Sachsen: Einer jüdischen Familie ist die Wohnung zum 1. April 1940 durch den Hauswirt ohne Angabe von Gründen gekündigt worden. Eine neue Wohnung ist nicht zu erhalten. Der Mann ist kein Jude, nur die Frau ist Jüdin. Er, ein Ausländer, bekam zur Weimarer Zeit die deutsche Staatsbürgerschaft. Das Dritte Reich hat ihn vor einigen Monaten ausgebürgert. Die Frau ist 40, der Mann 45 Jahre alt.

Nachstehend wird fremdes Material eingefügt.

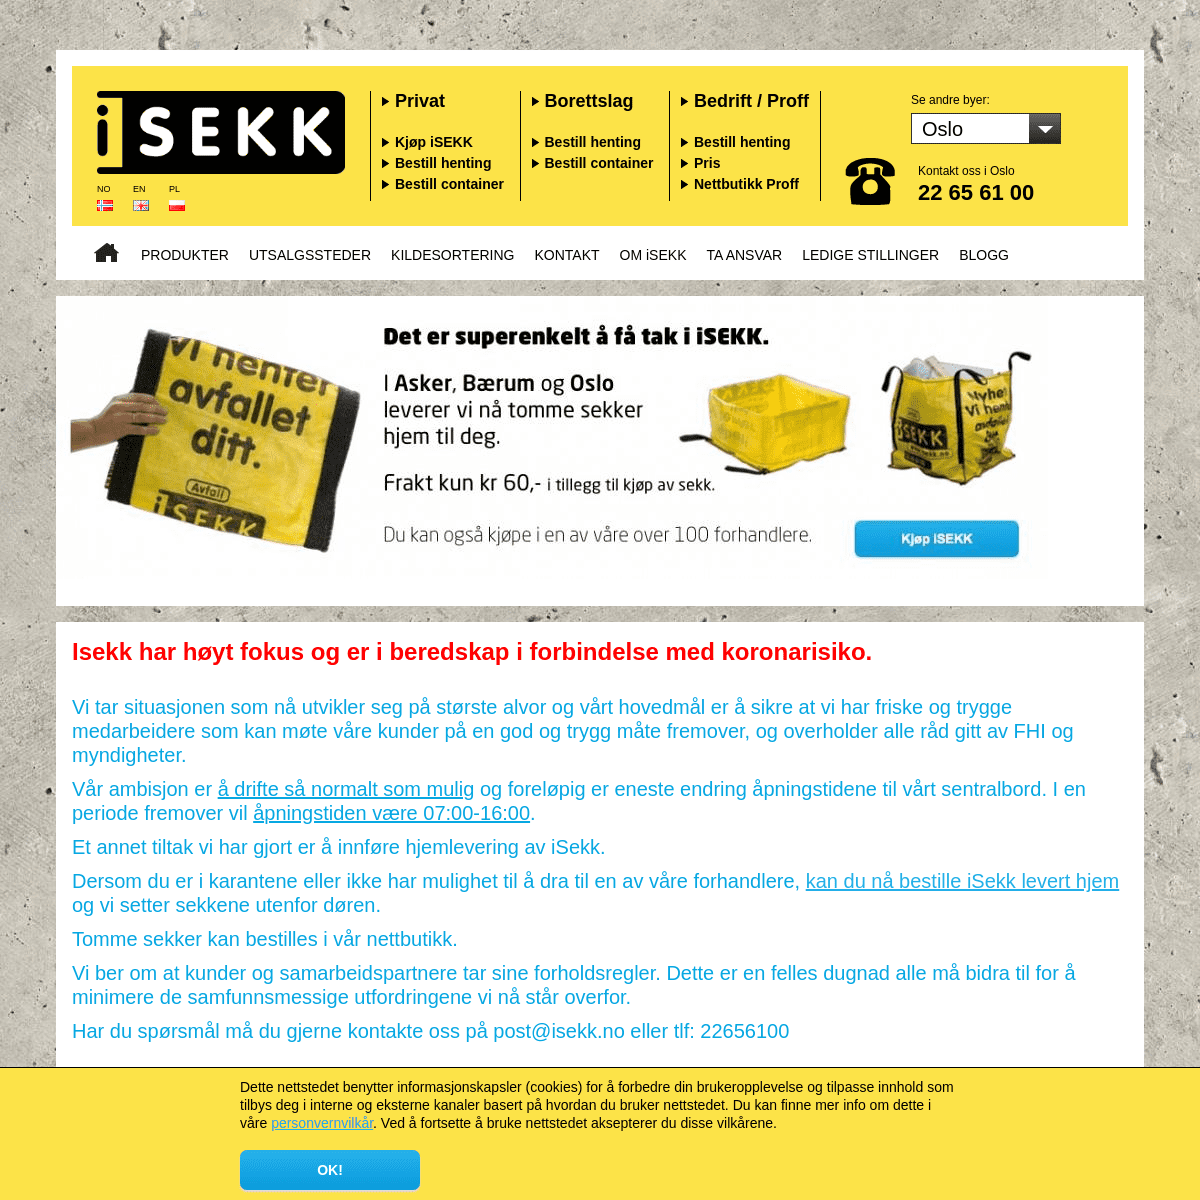 A complete backup of isekk.no

Wenn einige wenige Juden bisher dem Ärgsten entgehen konnten, so danken sie das dem Umstand, daß der deutsche Antisemitismus eben nicht echt, sondern von der Partei künstlich aufgezogen ist. Ein kleines Beispiel dafür gibt der folgende Bericht: Mitteldeutschland: In einer großen Maschinenfabrik in X. arbeiteten seit langem einige jüdische Ingenieure, die ihre Stellung behalten konnten, weil sie infolge ihrer Spezial-kenntnisse im Einvernehmen mit der deutschen Arbeitsfront als Angestellte anerkannt worden waren. Bei den Pogromen vom November 1938 blieben auch ihre Wohnungen vom „Ausbruch des Volkszornes“ verschont. Aber schließlich legte sich die Partei ins Mittel und verlangte, daß man eine „Lösung“ finden müsse. Der Betriebsführer fand sie auf folgende Weise: er erklärte, daß man den arischen Ingenieuren nicht mehr länger zumuten könne, mit den jüdischen Kollegen zusammenzuarbeiten - und mietete für diese besondere Büroräume, wo sie ungestört weiter für den Betrieb tätig sind.